Why have I given up on traditional filing methods? I have found the main barrier to organization for me is the psychological toll it takes to categorize and file everything (class handouts, fliers, pamphlets, bills, receipts, junk mail, etc.), and I prefer to expend this energy in my research instead.
The Theory Behind My Approach
Organization for me starts with refusing to organize. I got this from organizational guru Noguchi Yukio’s filing system. In his “Chō” seiri hō「超」整理法 system (published in several books) he recommends sticking every piece of paper you get into a large envelope with a title and date on the outside. You place this on the left side of a shelf that you have cleared off for your files. Do this every day and you will have hundreds of envelopes lined up on the shelf in order by date. In the days before I went paperless, I had several shelves packed with these. I was originally inspired to do this by a fellow translator in Japan, William Lise, who posted about how he stays organized. He has since removed the page from his site, but you can find it on the Internet Archive Wayback Machine.
It probably sounds like a nightmare to classification junkies, but the key to using this system is Noguchi’s theory that we naturally remember things temporally, and not by artificial classification schemes. In other words, we will be more likely to remember “when” we classified something than “how” we did it. I’ve found this to be true for me.

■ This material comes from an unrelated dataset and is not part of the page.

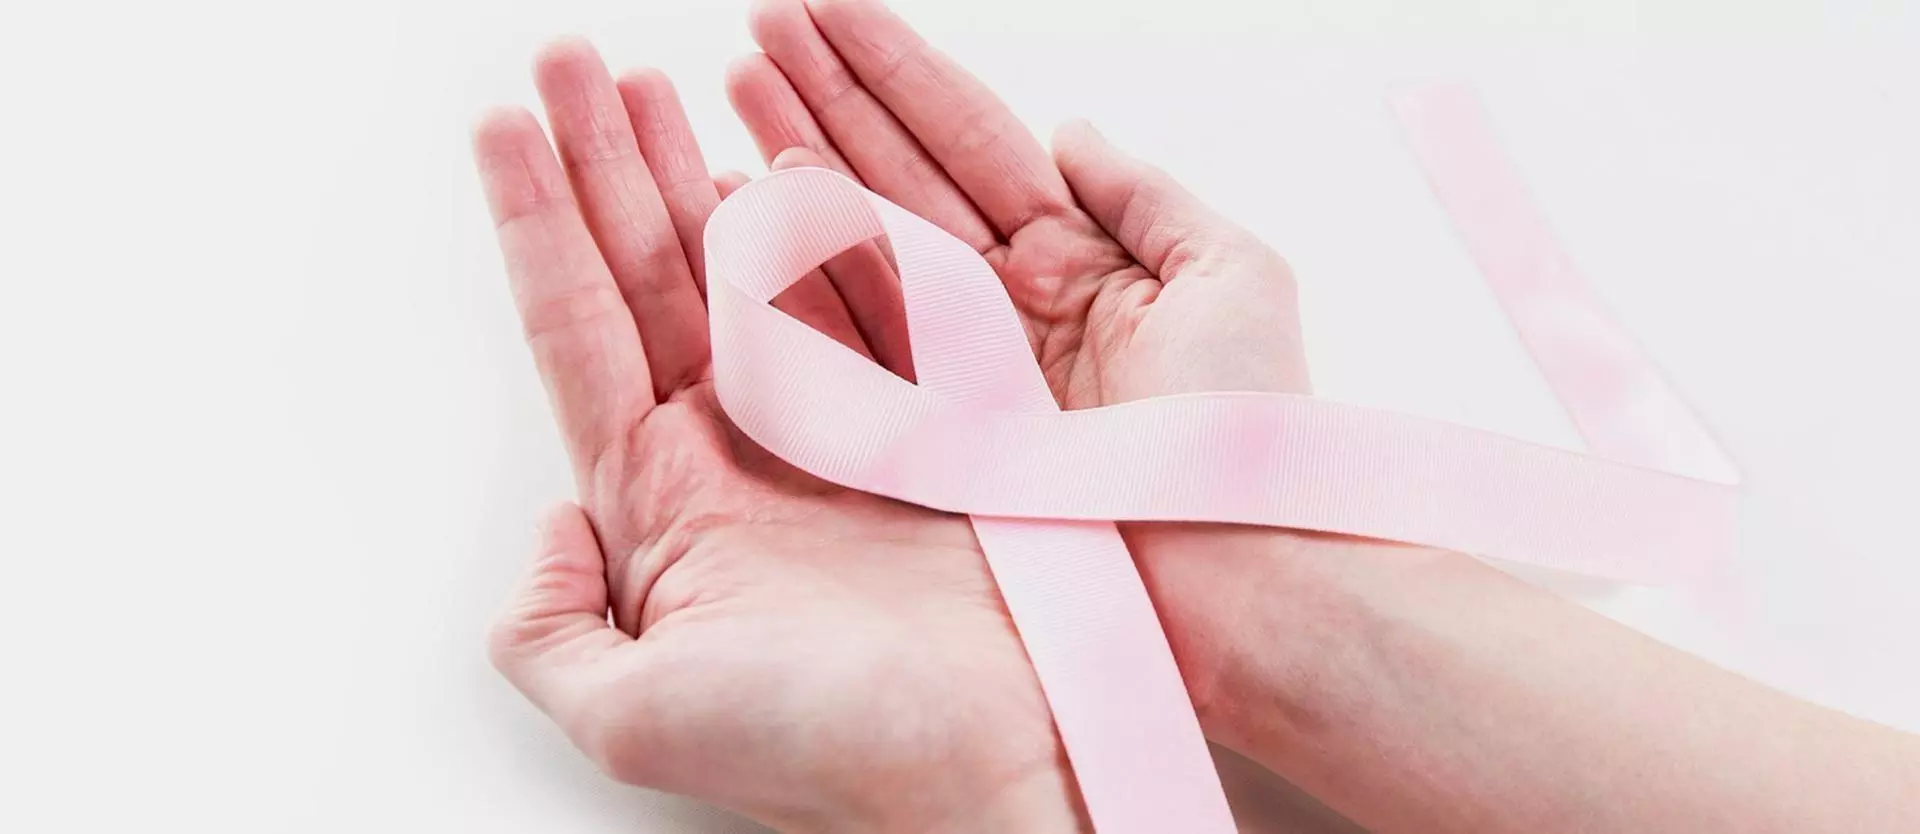 October is Breast Cancer Awareness Month – The Importance of Getting a Yearly Screening

Setting up the system is pretty straightforward, but using it is a little counter-intuitive. Every time you pull out a folder and access it, instead of putting it back in chronological order, you place it on the left. This addresses two problems: hoarding and quick access. Over time, stuff you never access naturally migrates to the right, and you can start throwing it away. In addition, papers you frequently access migrate to the left and can be quickly found. There are various modifications for important papers and so forth, but you get the idea.
Taking Noguchi’s Method Digital
Noguchi’s system is easily adapted for the digital environment, because many applications, and all operating systems, tell us when something was created or updated. I have used this system successfully with some of the incredible applications that we now have available for keeping organized: OneNote and bLADEWiki in Windows; DEVONthink, VoodooPad and nvALT in OSX/iOS; and Evernote everywhere.